= Chan Wing-kee =

Hong Kong businessman and politician

Chan Wing-kee, (born January 1947) is a Hong Kong businessman and politician. He is the current member of the standing committee of the Chinese People's Political Consultative Conference (CPPCC). He had also been Hong Kong deputy of the National People's Congress and chairman of Asia Television Limited.

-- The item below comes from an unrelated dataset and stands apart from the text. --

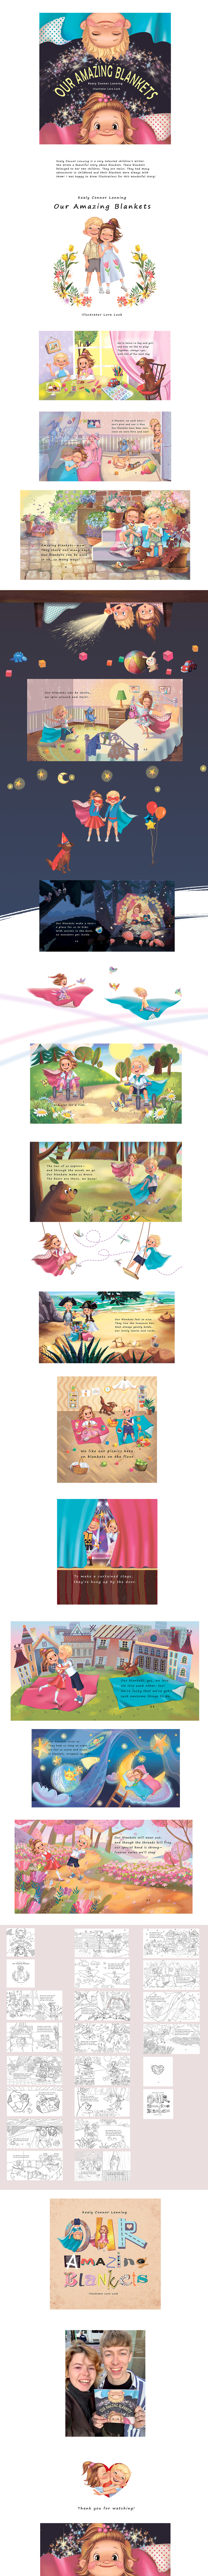 children's book children's illustration
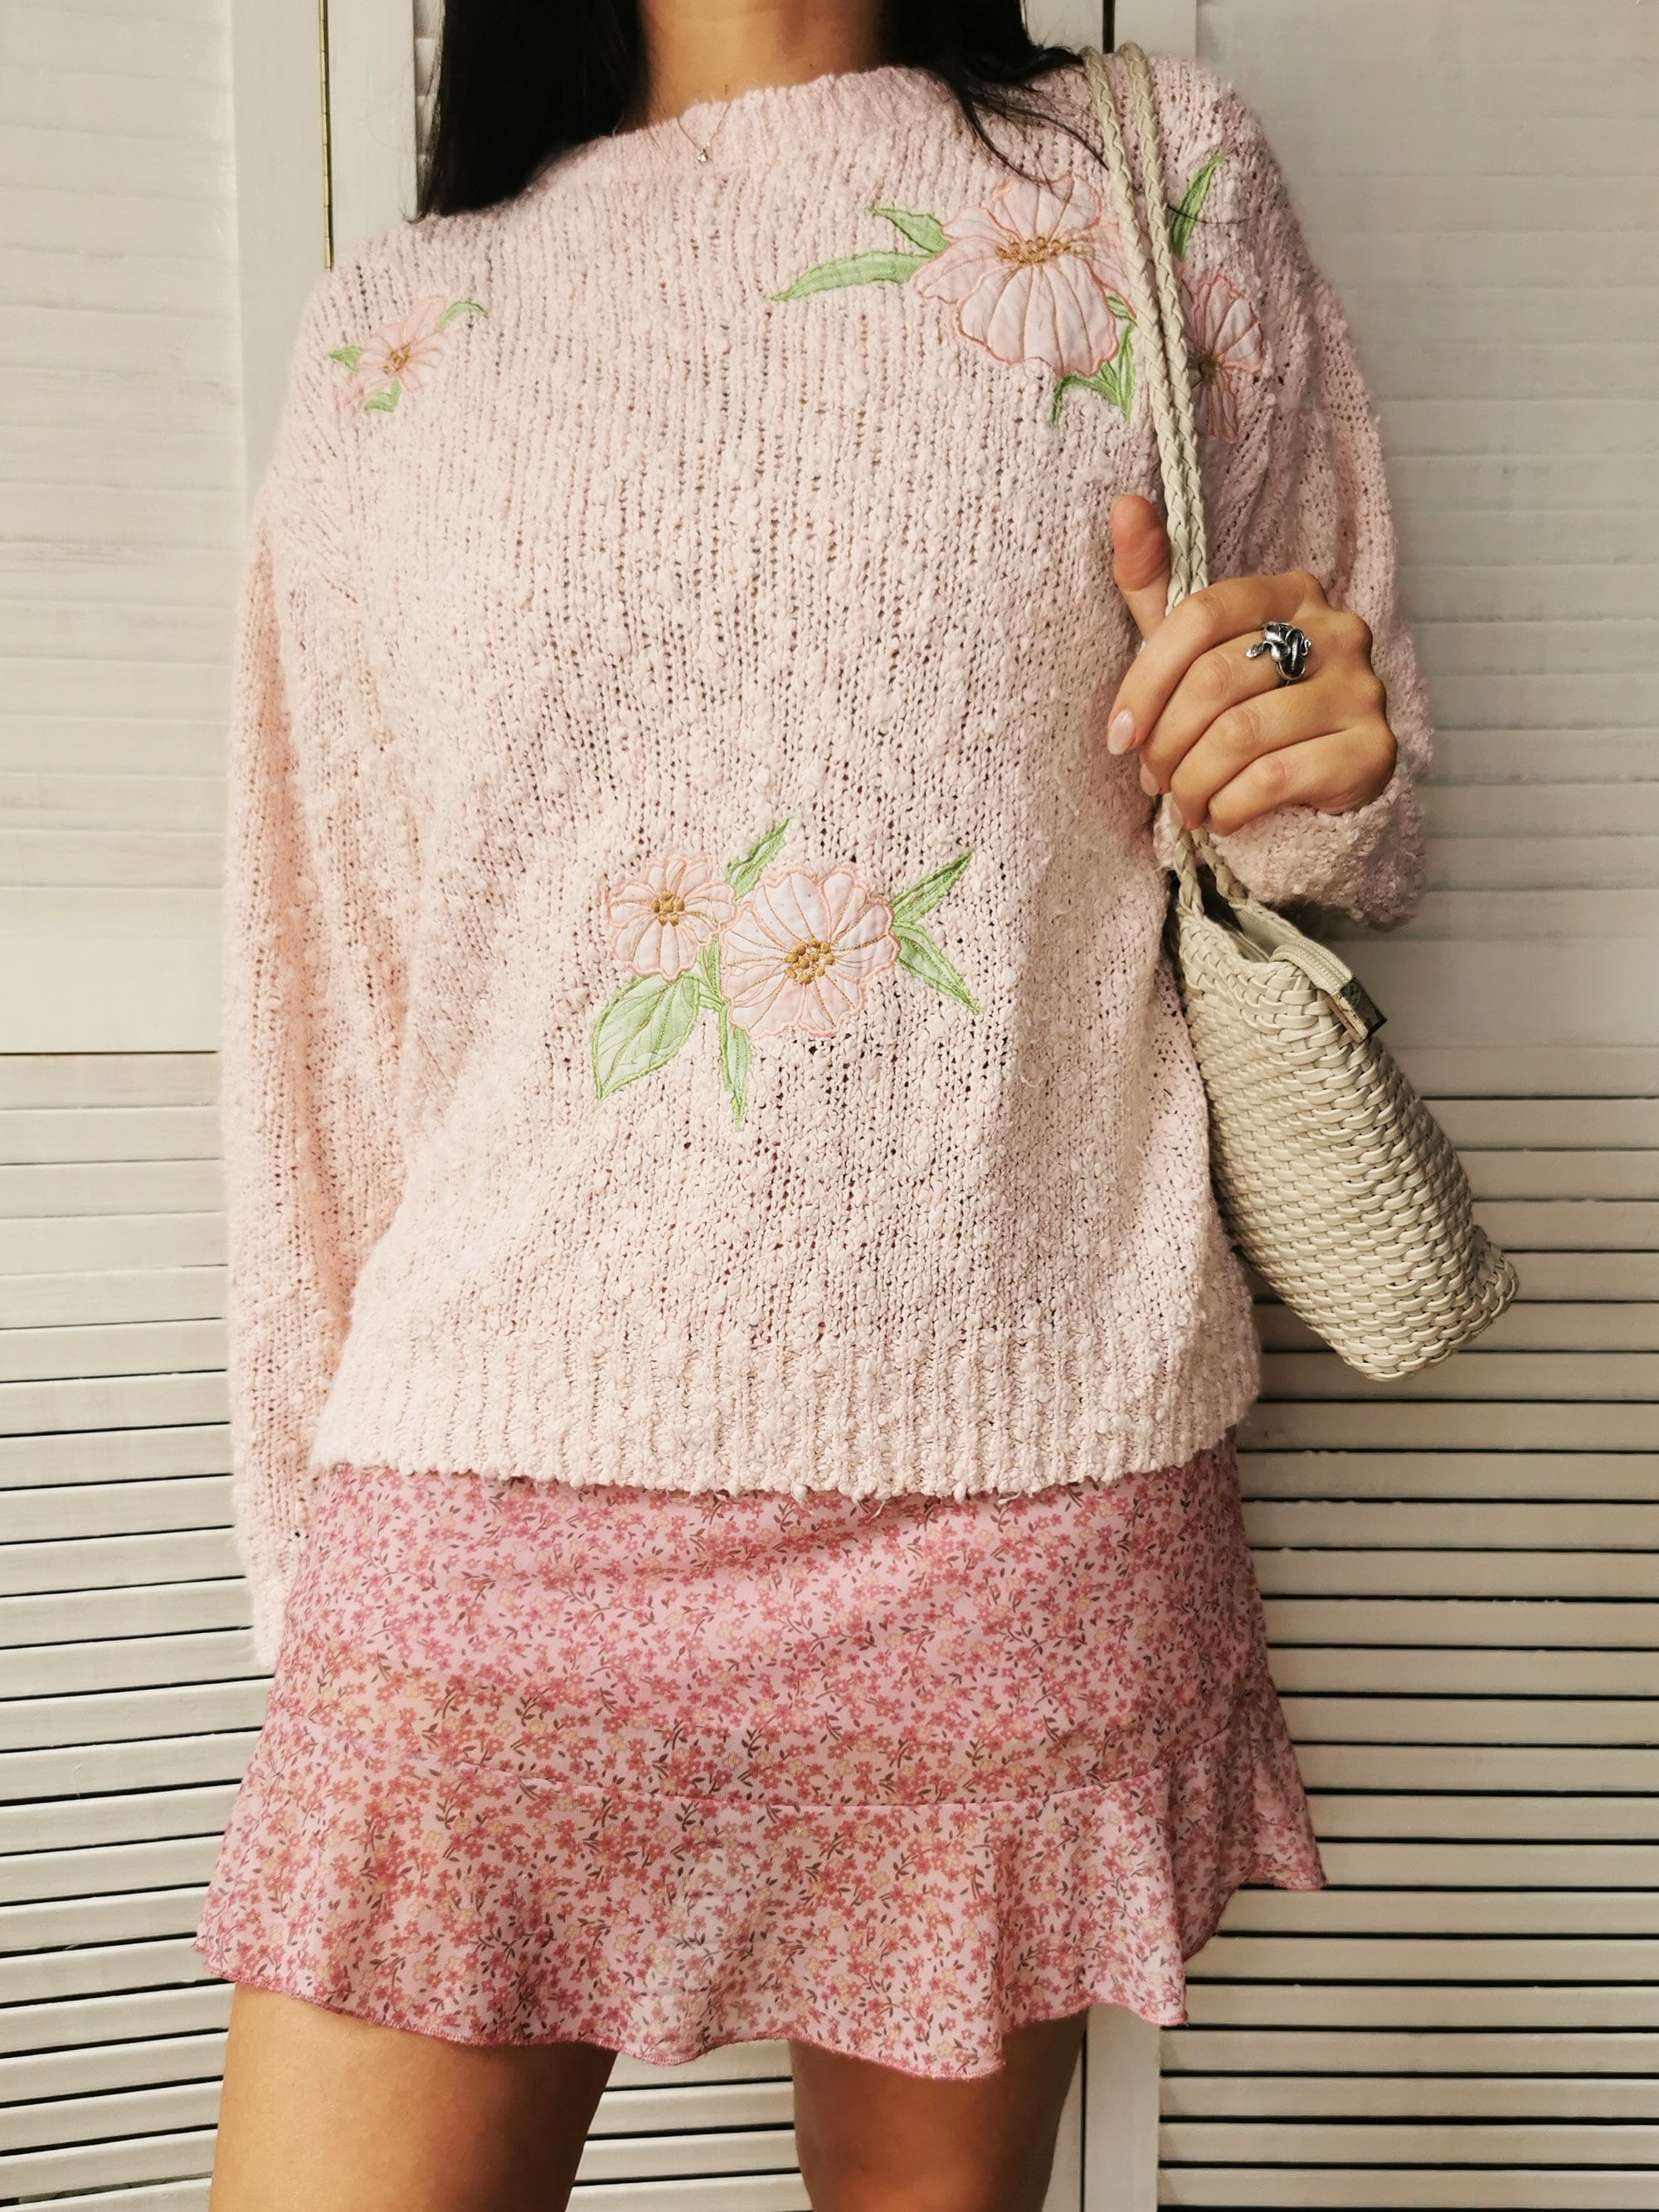 Vintage 80s pastel pink oversize Moms sweater

==Early life and education==
Chan was born in Hong Kong in 1947 with his family root in Dongguan, Guangdong. His father, Chan Sui Wai, was a famous draper in Guangdong and Hong Kong and his uncle, Chan Sui Kau, was the founder of Yangtzekiang Garment Ltd. He studied at three primary schools, Shek Kong, Ling Ying and Henrietta. Chan was sent to Thailand when he was in Form Four where he attended an international school. He subsequently studied aboard in the United States and graduated from Purdue University in Industrial Engineering in 1970.

==Business career==
Chan joined his family's company Yangtzekiang Garment Ltd after his graduation in 1970 as production manager and later became company's sales manager. He was promoted to director in 1977 and managing director in 1987. He has participated in many textile negotiations with the US and Europe for Hong Kong and Macau. Chan is currently an executive director of YGM Trading Limited; director of Hong Kong Knitters Ltd; independent non-executive director of China Travel International Investment Hong Kong Limited and China Construction Bank (Asia) Corporation Limited. He was also chairman of Asia Television Limited and an independent non-executive director of Wheelock and Company Limited.

==Political career==
Chan had been appointed member of Hong Kong Trade Development Council, Textile Advisory Board and Economic Council of Macau. He has been an active member of the Chinese Manufacturers' Association of Hong Kong where he is now the honorary president. In the mid-1980s, Chan was appointed member of the Basic Law Consultative Committee both in Hong Kong and Macau, in which he belonged to the conservative faction of the committee and joined the proposal of the Group of 89. In 1989, he co-founded the conservative New Hong Kong Alliance. Chan was also a member of the executive committee of the Business and Professionals Federation of Hong Kong which derived from the Group of 89.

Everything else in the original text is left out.